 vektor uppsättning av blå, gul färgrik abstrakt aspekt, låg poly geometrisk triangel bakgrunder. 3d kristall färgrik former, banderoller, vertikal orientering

:::

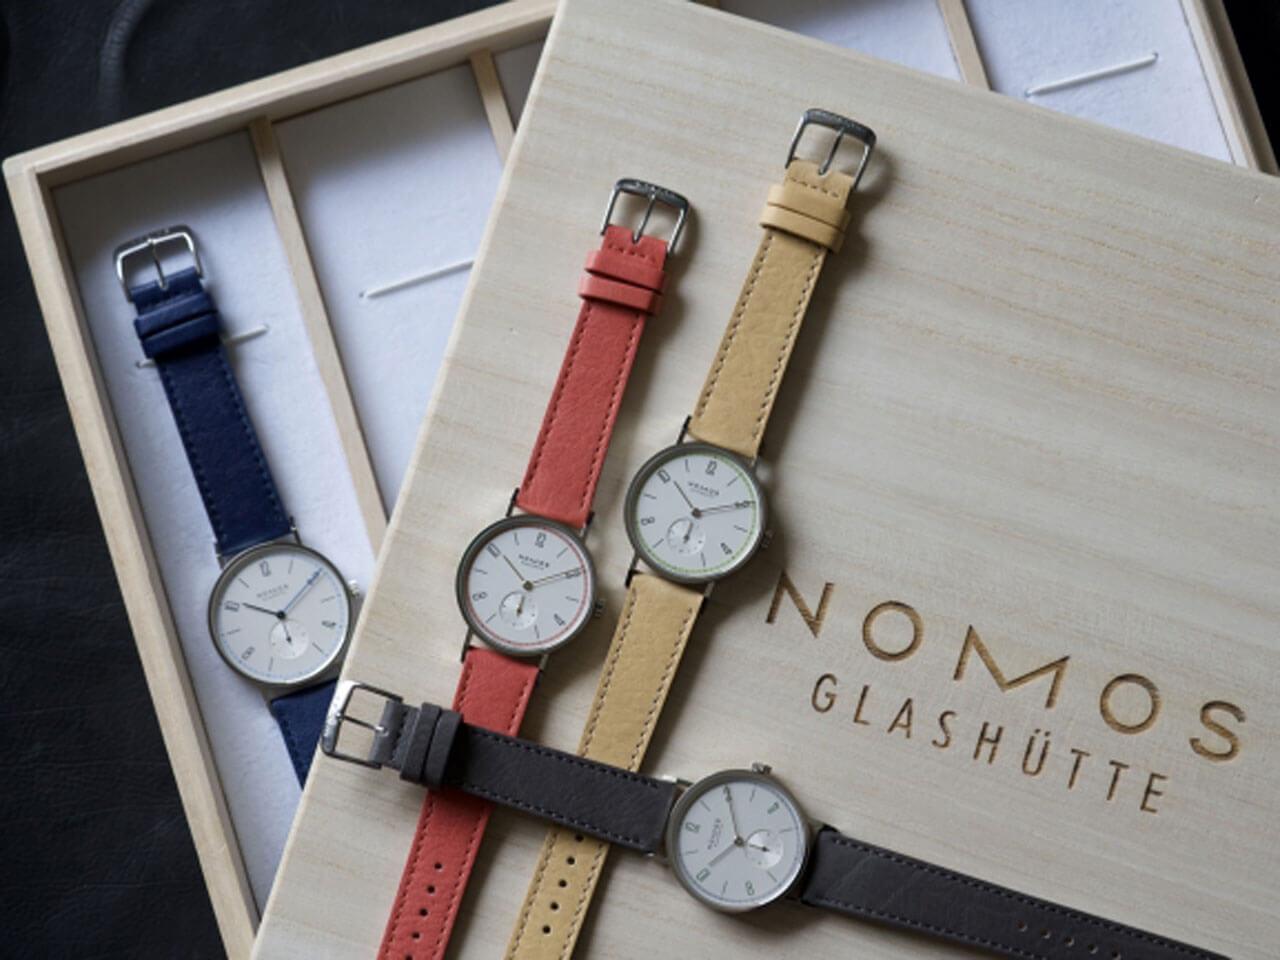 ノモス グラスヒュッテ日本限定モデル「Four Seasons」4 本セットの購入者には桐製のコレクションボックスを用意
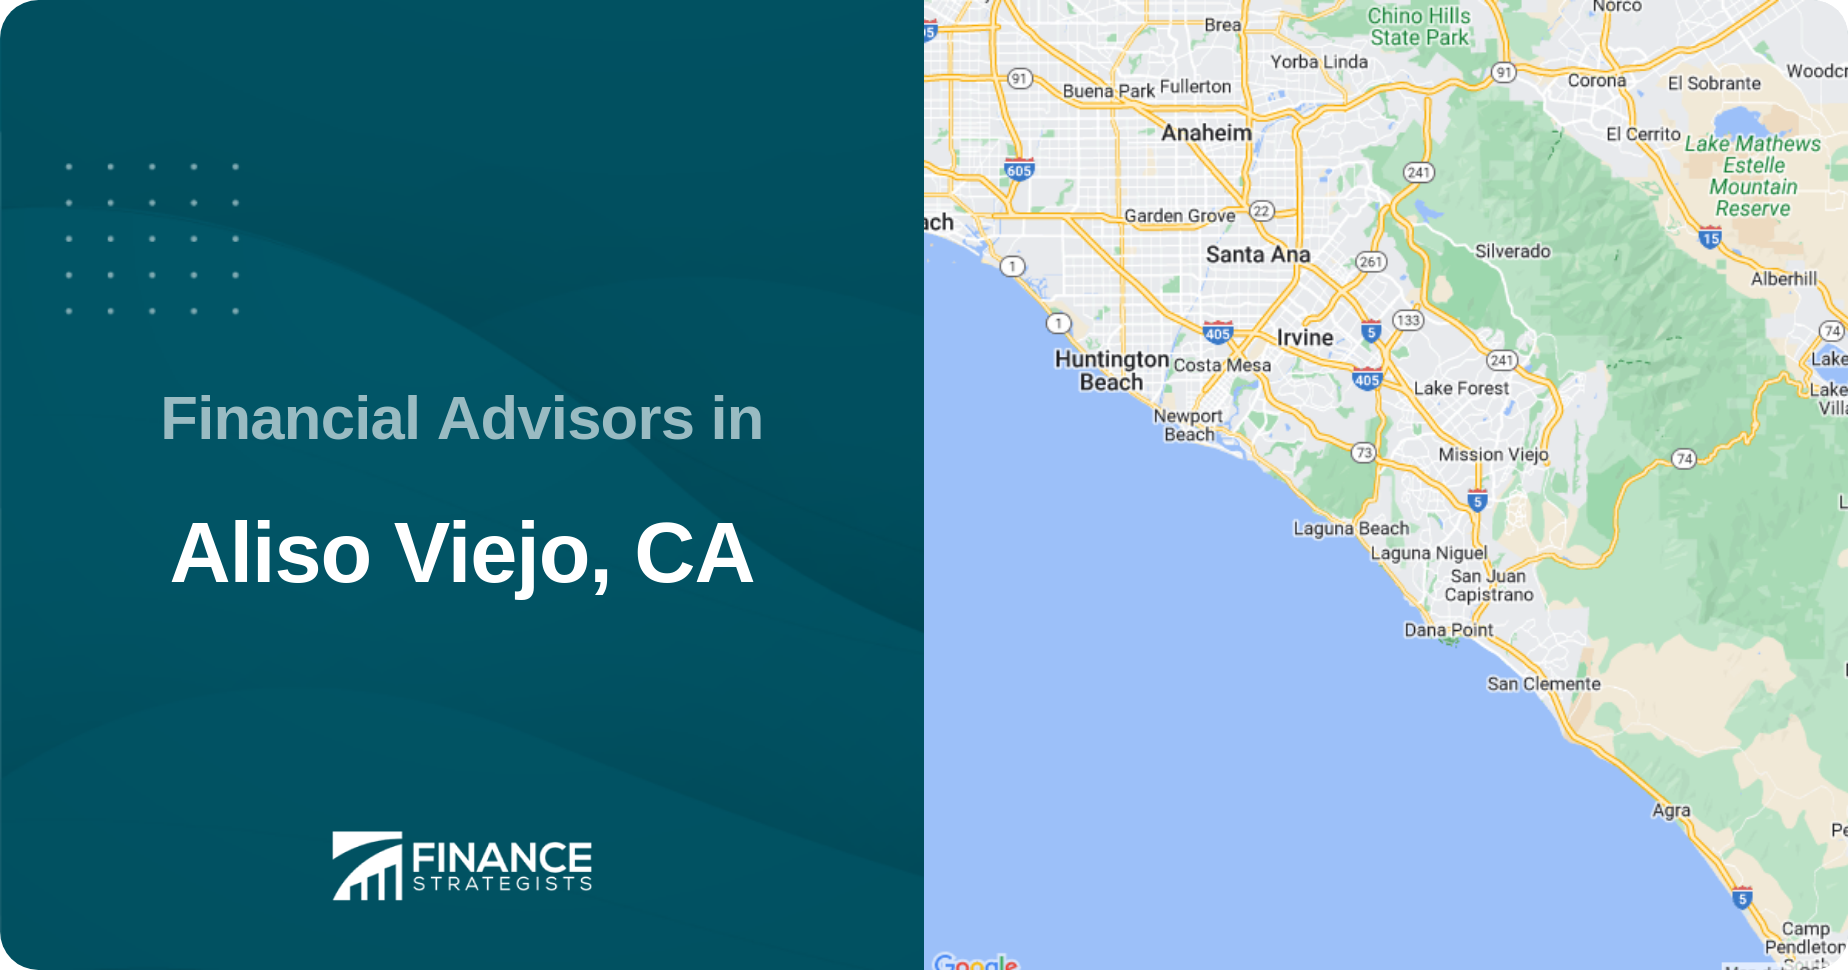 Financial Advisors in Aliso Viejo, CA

:::

Your answer must be the lines above from the one holding "ノモス グラスヒュッテ日本限定モデル「Four Seasons」4" up to and including the one holding "Financial Advisors in Aliso Viejo, CA", exact and with no pictures.

Reply>
 ノモス グラスヒュッテ日本限定モデル「Four Seasons」4 本セットの購入者には桐製のコレクションボックスを用意
 Financial Advisors in Aliso Viejo, CA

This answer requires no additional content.